Protecting infants from SIDS
October marks National SIDS Awareness Month and local health officials are sharing tips to help parents and caretakers of infants reduce the risk.
Sudden Infant Death Syndrome claims thousands of infant lives each year, according to the Centers for Disease Control and Prevention. Officials say in Wisconsin hundreds of infants have died from SIDS or other sleep-related deaths in recent years. Health officials say three out of five mothers sometimes share their bed with their baby, Two in five leave loose bedding or soft objects in the baby's sleep area, and some place their baby on its side or stomach to sleep. These are all habits linked to SIDS.
"SIDS is Sudden Infant Death Syndrome. The highest prevalence is from birth to about six months but it could be up to 12 months," said Teresa Demoe, Registered Nurse at HSHS Sacred Heart Hospital.
SIDS is the unexplained death, usually during sleep of an otherwise healthy baby. Nurse Demoe, who works in the hospital’s Women and Infants Center, says the cause of SIDS is often not discovered even when it happens. Health officials say it could be associated with defects in the portion of an infant's brain that controls breathing during sleep. An exact cause however is still unknown...
There are now devices allowing a baby's heart rate, oxygen intake, and sleep trends to be monitored right from home
Some say these devices can help parents respond sooner if something goes wrong. Brand names such as the “Smart Sock” monitor data from the baby and deliver it via an app. Those devices typically run around $300 retail value.
While there is new technology to help prevent the possibility of SIDS Demoe still recommends traditional methods of prevention. “Technology, it can be useful but we don’t want it to be a false reassurance," she said. She adds the best tip is to simply create a safe sleep environment.
"Safe sleep environment would be their own sleep area,” said Demoe. She discourages parent from having an infant sleep in bed with them.

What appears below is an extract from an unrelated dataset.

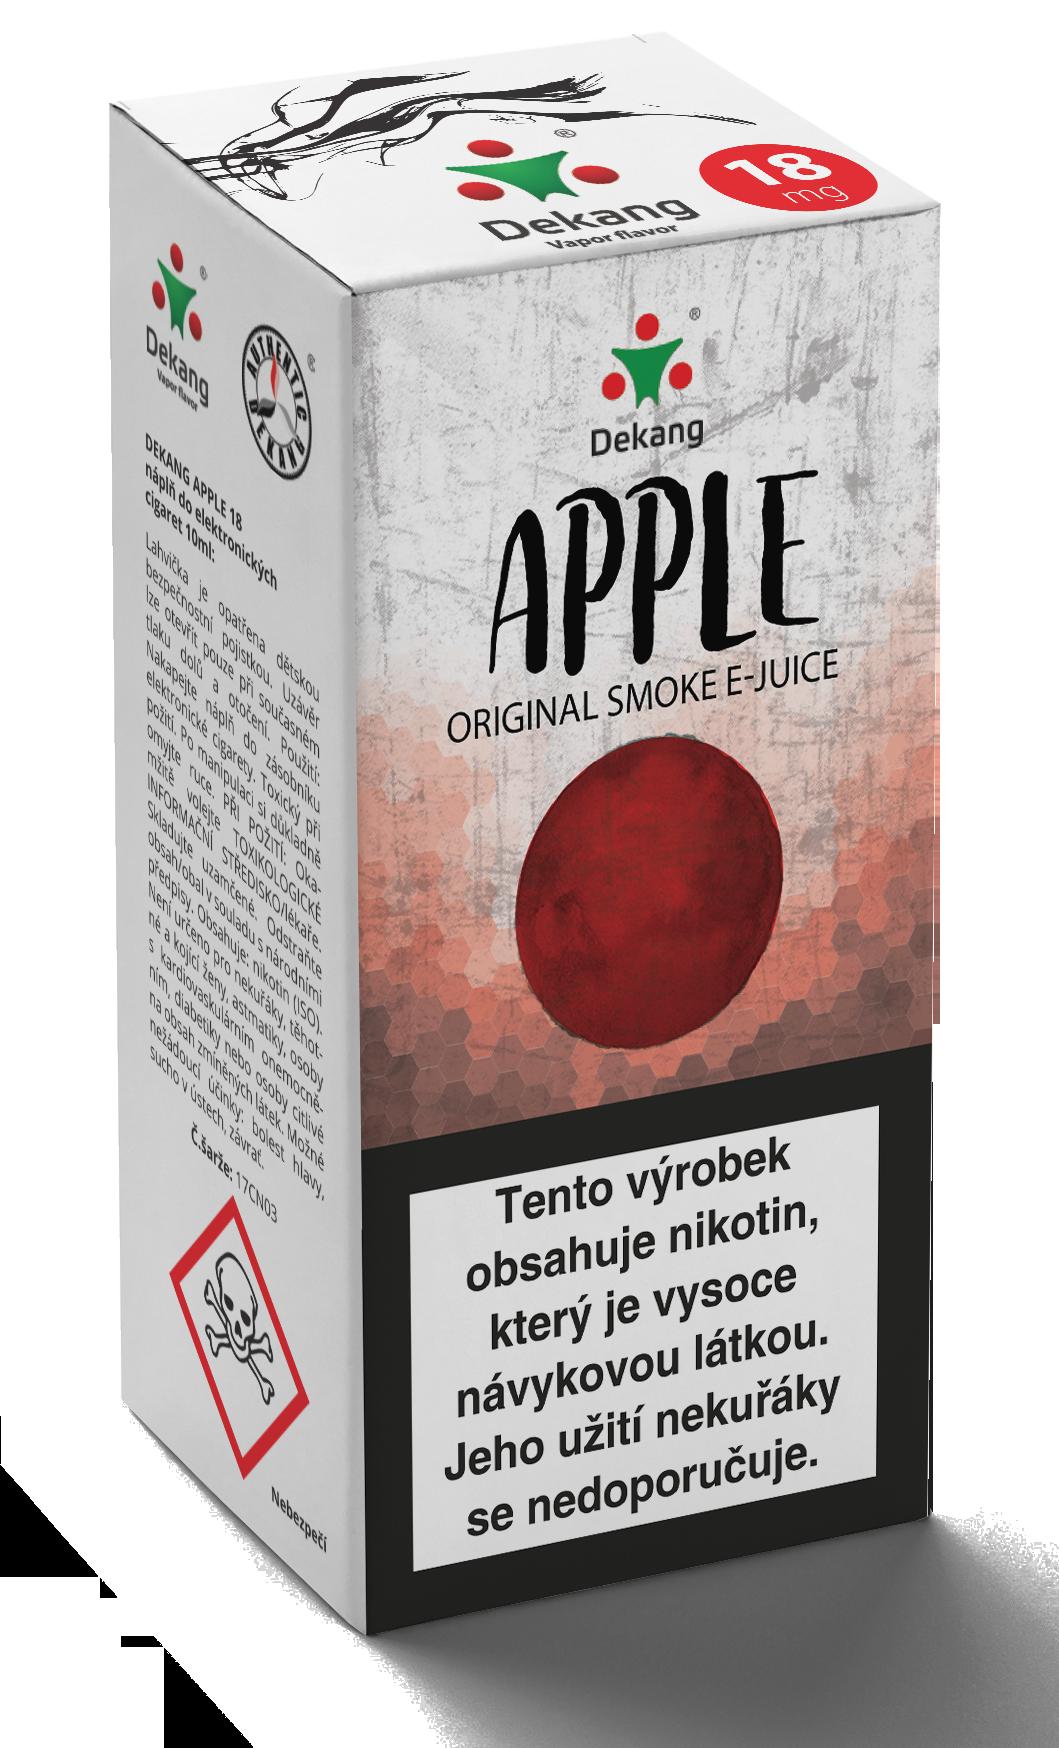 E-liquid Dekang 10ml Jablko - Apple Množství nikotinu: 0mg

She says even if you aren’t the parent of an infant, understanding SIDS can help decrease the risk.
"Everyone needs to know about SIDS and the awareness of SIDS and safe sleep because everyone is going to be exposed to infants and small children and if you're ever responsible for that, knowing how you should interact with them whether they're sleeping or awake," said Demoe.
While occurrences of SIDS in the U.S. have decreased by 50 percent during the last 20 years, it still remains the leading cause of death for U.S. infants.
Nurse Demoe says educating anyone who comes in contact with an infant on safe sleep practices decreases the risk of SIDS by more than 40 percent.